I’ve always been proud of my knowledge of vulvas and vaginas, however, I never really looked into what a Pap test was. So, when the opportunity arose, I raised my hand in a staff meeting and happily said, “I’ll take this article.” Now I’m going to inform you after I went out and informed myself, because well, that’s kind of my job.

…you should start getting your Pap tests once you turn 21 and then you should get one every three years.

What’s a Pap Test (Pap Smear)?

Let’s start with the basics: A Pap test is when cells are taken from the cervix—the lower part of the uterus that connects the uterus to the vagina—and examined to see if the sample contains any irregular cells. A health care provider will use a speculum—a plastic device used to gently open the walls of the vagina—to temporarily widen the opening of the vagina and then use what’s basically a tiny spatula and a small brush to collect cells. These cells are then examined like any other cell: microscope, white jacket, you know, like on Grey’s Anatomy. A Pap test can be a little bit uncomfortable but is very quick.

Pap tests used to be given to women every year; however that has changed very recently. Now, a woman between the ages of 21 and 29 should get one every three years, while women between the ages of 30 and 65 should get one every five years—along with an HPV test. The younger age group does not get the HPV testing because HPV cells usually seen in younger women will most likely correct themselves and become harmless without any outside help.

The theory is that by not testing every year for either age group, women won’t have as many scares as they used to because getting a test back saying you have “cervical dysplasia”—basically, irregular cells—is scary, even though many cases clear up all on their own.

Abnormal Cervical Cells

But what exactly are the harmful cells that gynecologists and health care providers everywhere are looking for? They’re looking for pre-cancerous or abnormal cervical cells, which in most cases are caused by an HPV infection. HPV or human papilloma virus is a sexually transmitted disease. Some strains cause genital warts while others may cause those irregular cervical cells that health care providers use a Pap test to find. (HPV vaccines, like Gardasil, protect you from certain strains of HPV known to cause cervical cancer.)

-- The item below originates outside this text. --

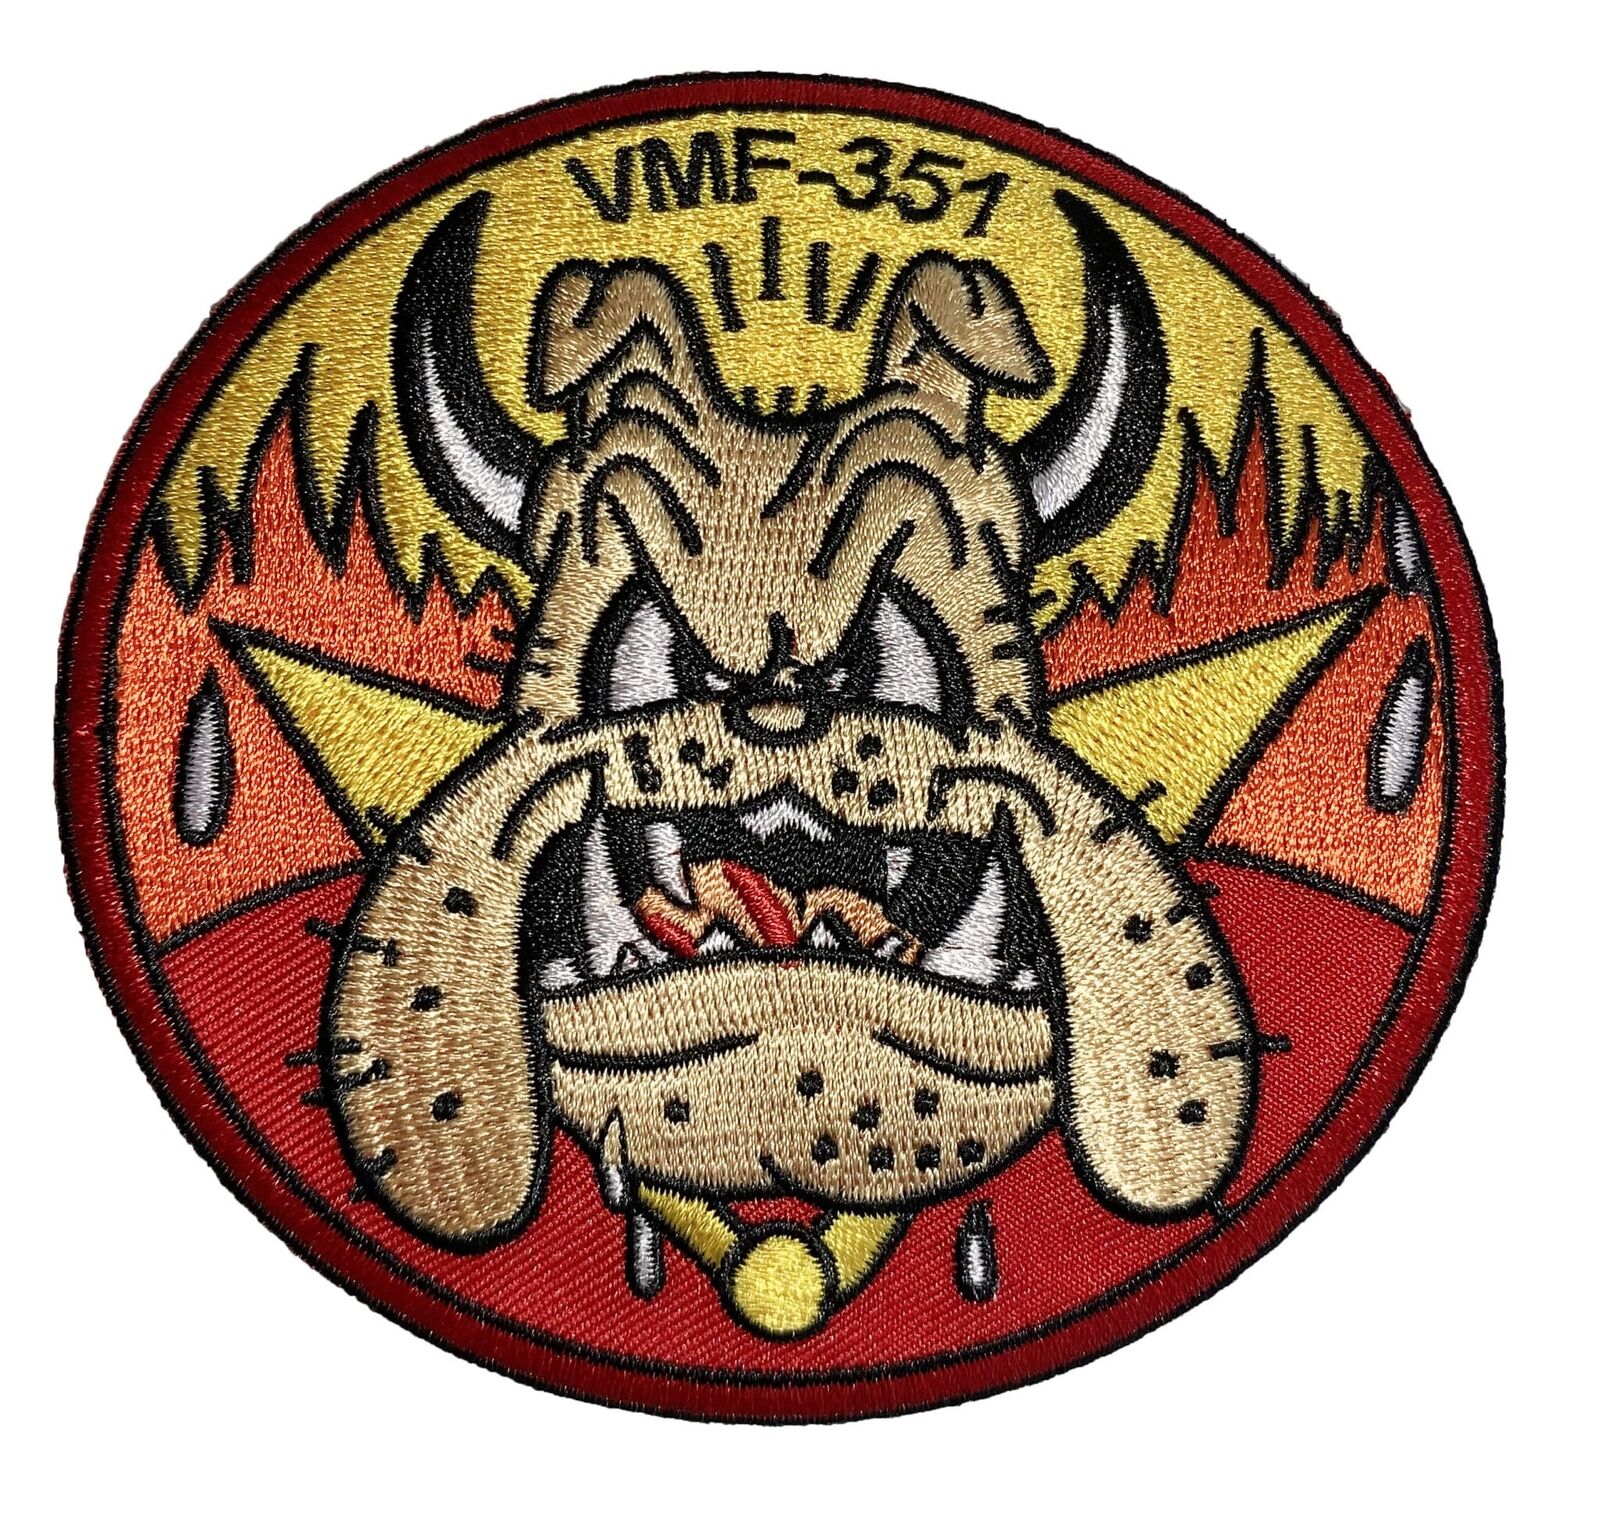 VMF-351 Original Devil Dog Squadron Patch – Sew On

When a Pap test does find irregular cells, it doesn’t mean you have cervical cancer. Many of these abnormal cells end up clearing up on their own. Sometimes the cells might be precancerous; however, these can also clear up on their own. Regular Pap tests allow your health care provider to monitor whether the cells are clearing up and what treatment to provide if they aren’t.

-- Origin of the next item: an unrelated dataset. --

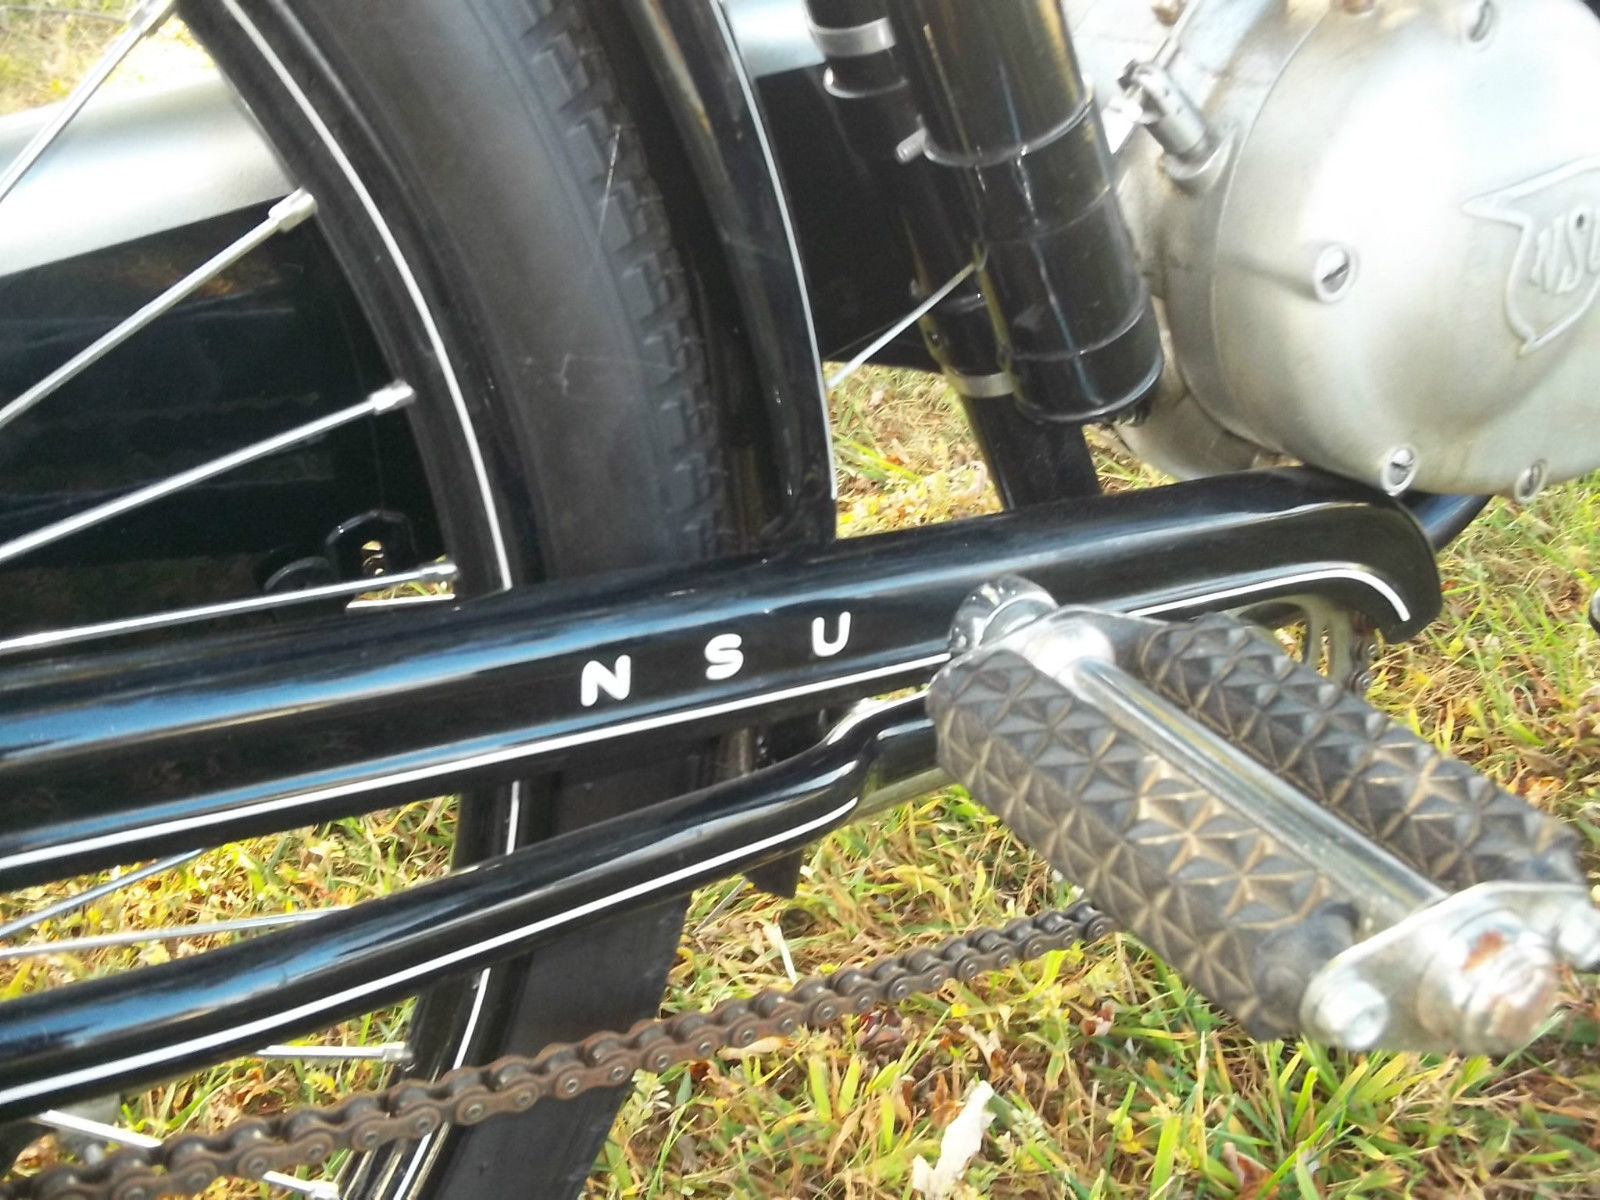 NSU Quick - 1936 - Chain, Chain Guard and Pedal.

So in short, the Pap test—which sounds like something so strange and mystical—is actually just a run of the mill screening for abnormal cells.

When You Turn 21

It’s very important to remember to get your tests done. When the time to start getting tested gets closer, your gynecologist or regular health care provider will most likely remind you that it’s time to get your Pap test. However, I like to think that when you finally turn 21, there will be this nagging reminder in the back of your head that I put there, alerting you to see your gynecologist and get your Pap test because your vaginal health is extremely important. So if you leave this article with any shred of information, I want it to be that you should start getting your Pap tests once you turn 21 and then you should get one every three years.

Now go out into the world with your new knowledge and spread it—I know I will.